Task instructions: Restate all the data word for word and omit the pictures.

Dataset extract:
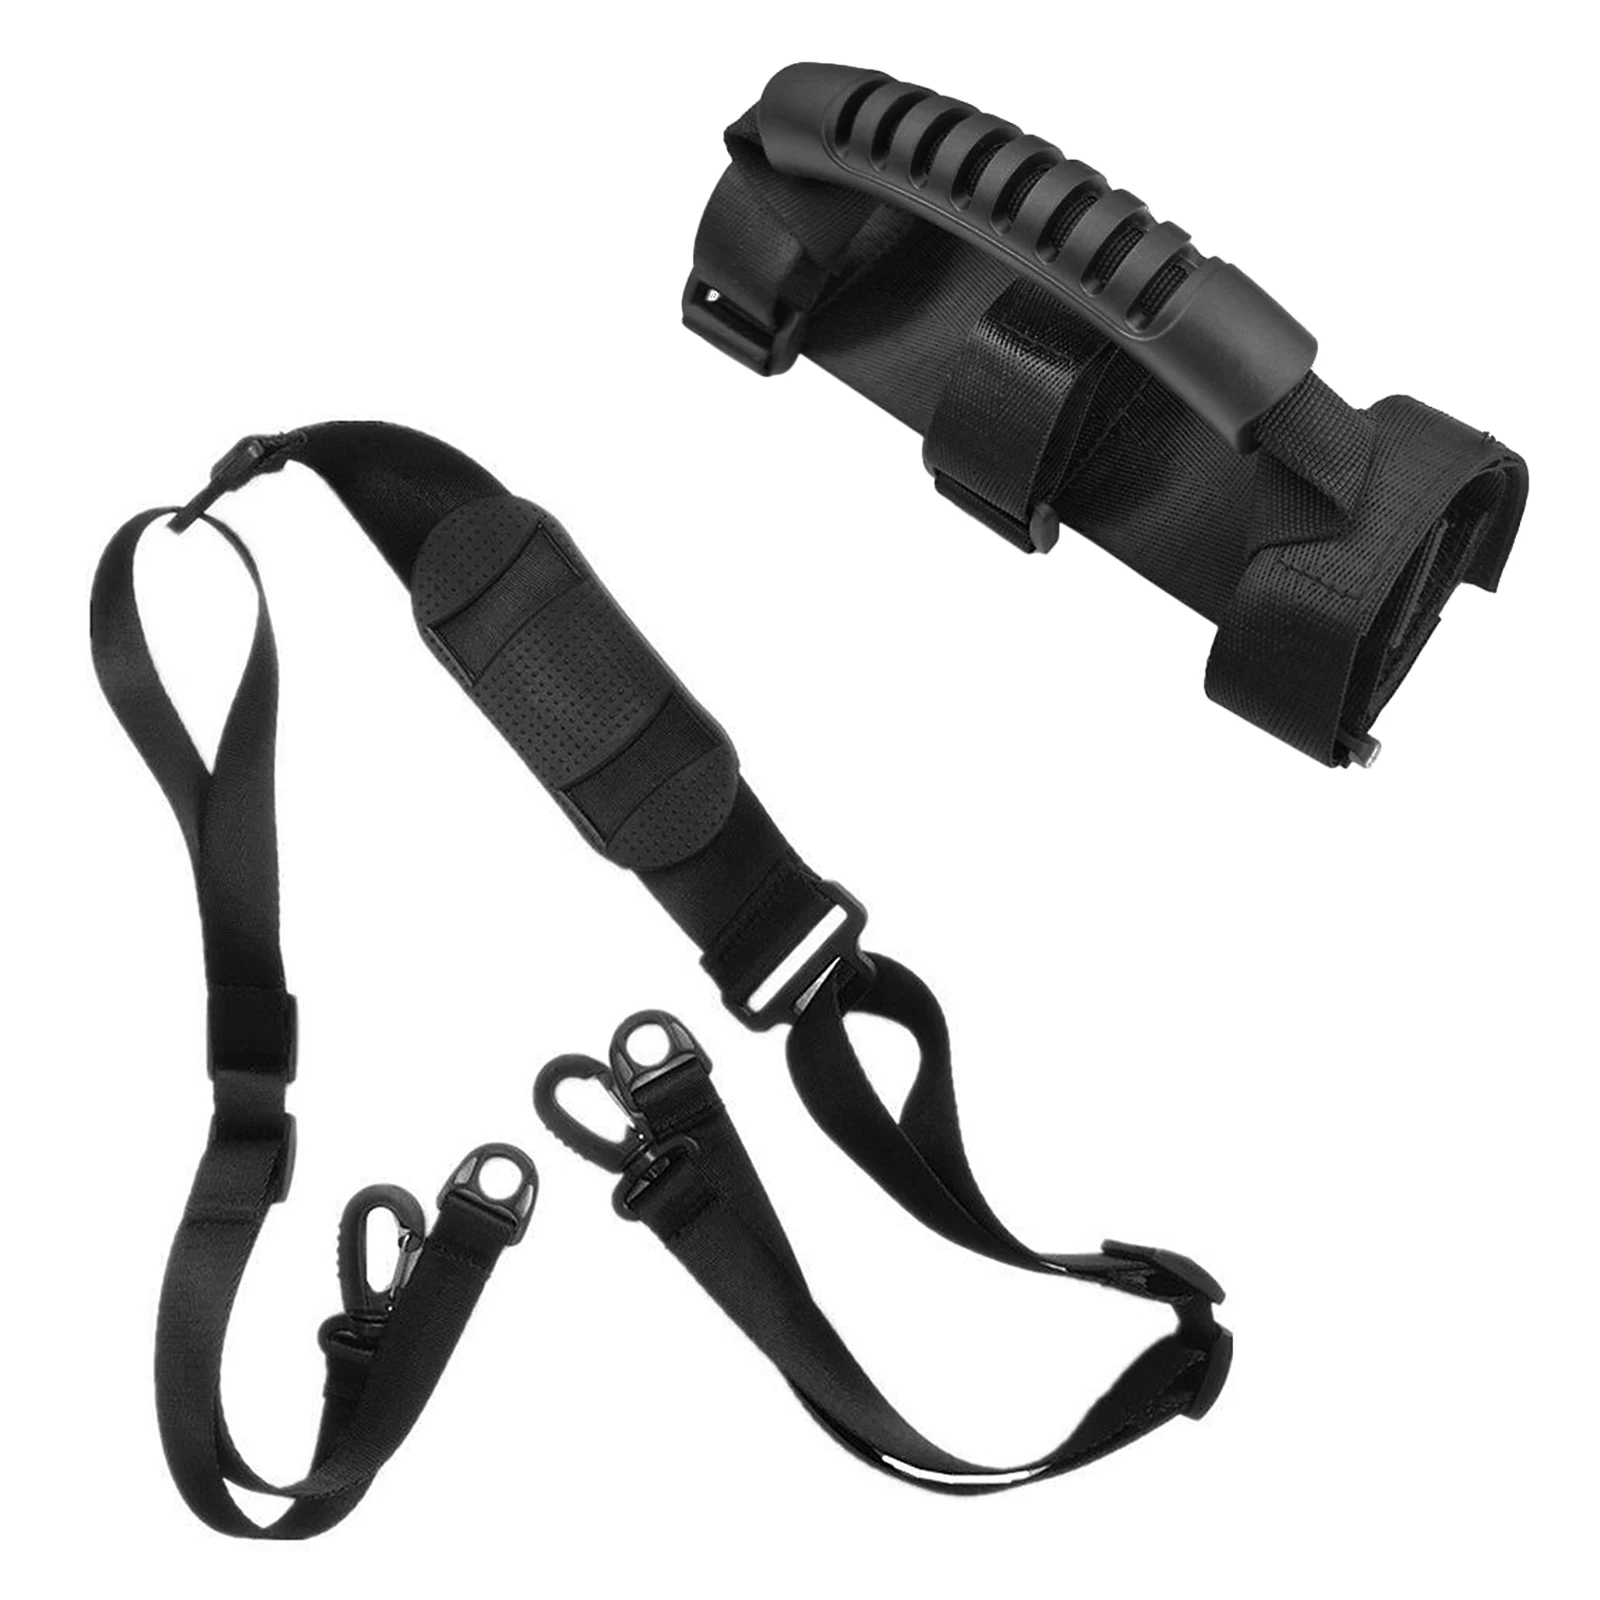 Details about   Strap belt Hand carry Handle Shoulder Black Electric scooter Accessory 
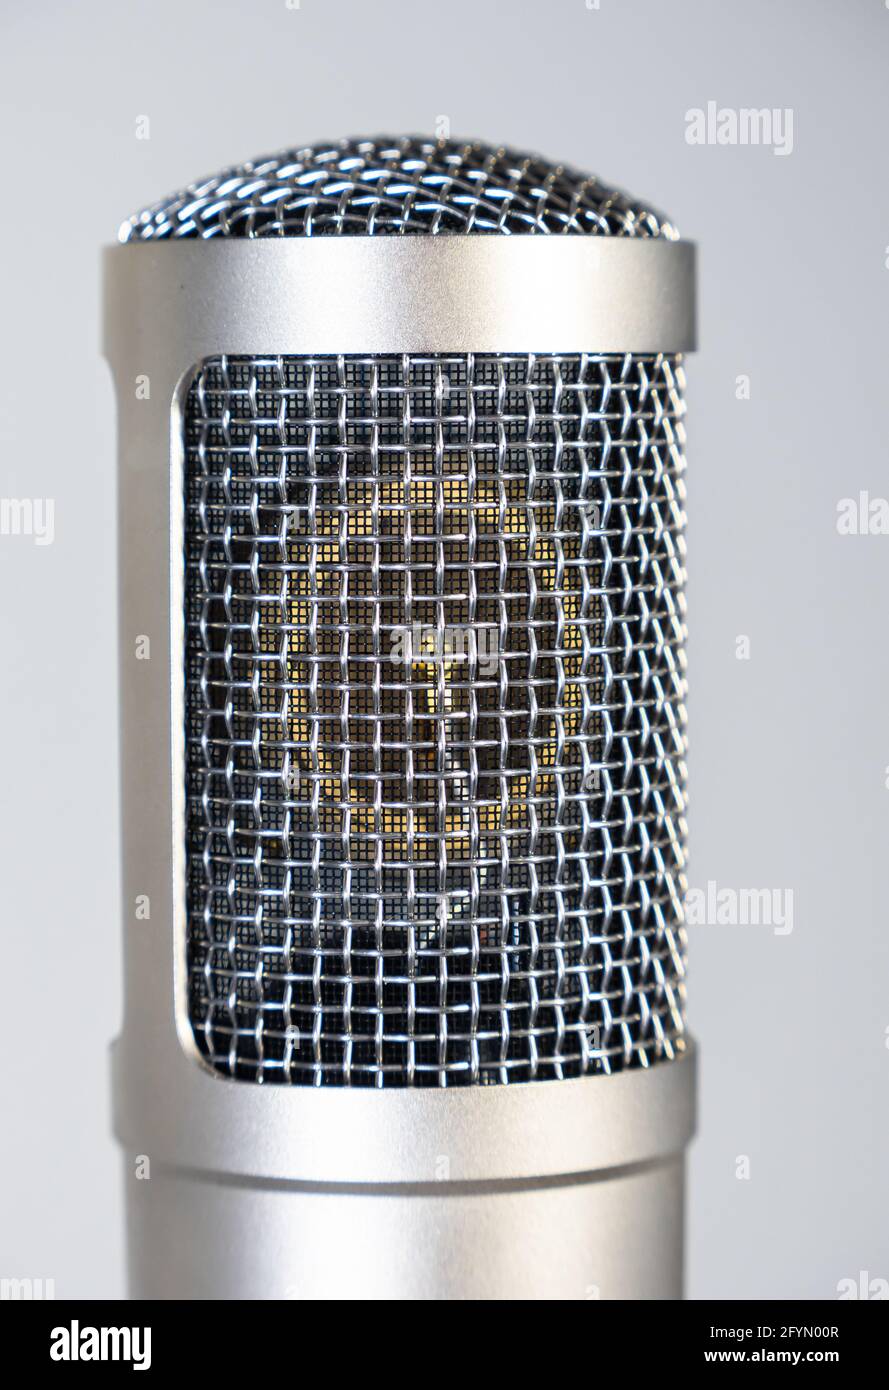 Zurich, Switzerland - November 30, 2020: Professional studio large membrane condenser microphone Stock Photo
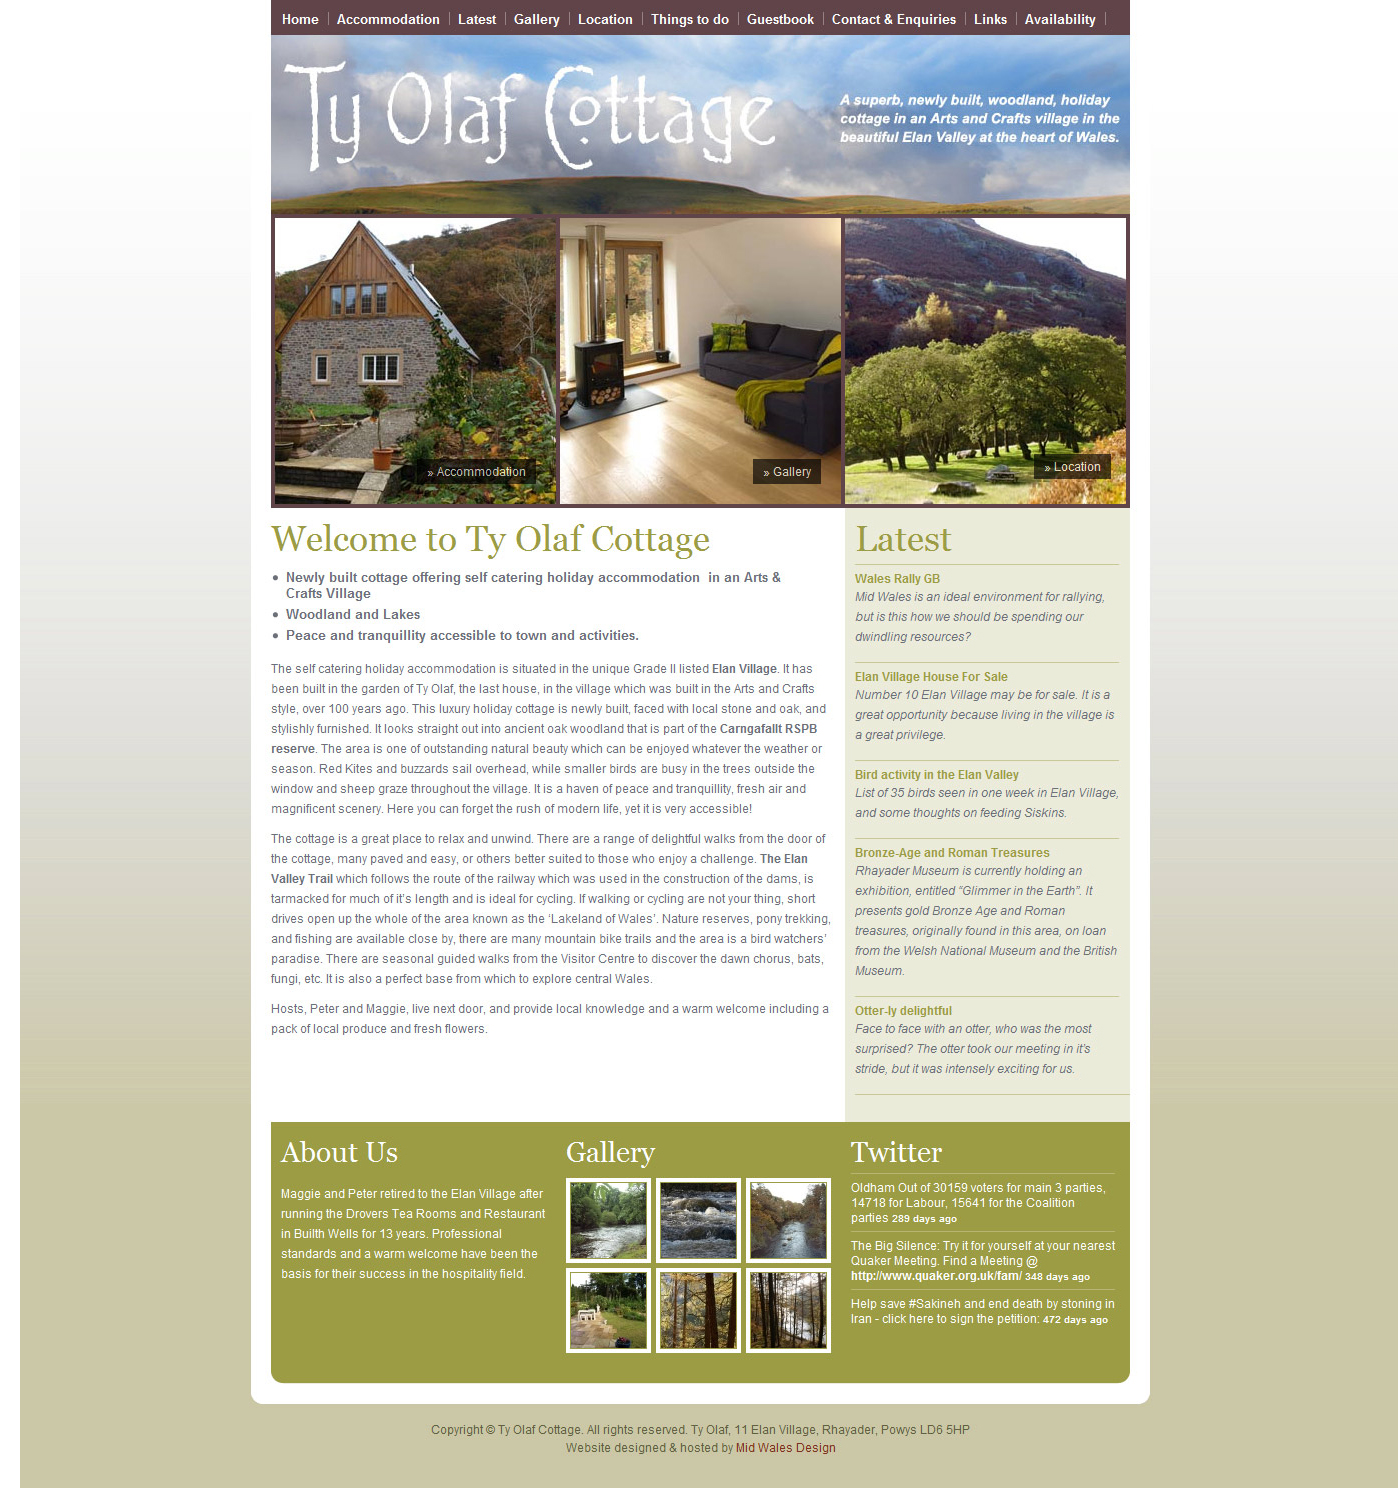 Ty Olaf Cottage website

Reply to the exercise:
 Details about   Strap belt Hand carry Handle Shoulder Black Electric scooter Accessory 
 Zurich, Switzerland - November 30, 2020: Professional studio large membrane condenser microphone Stock Photo
 Ty Olaf Cottage website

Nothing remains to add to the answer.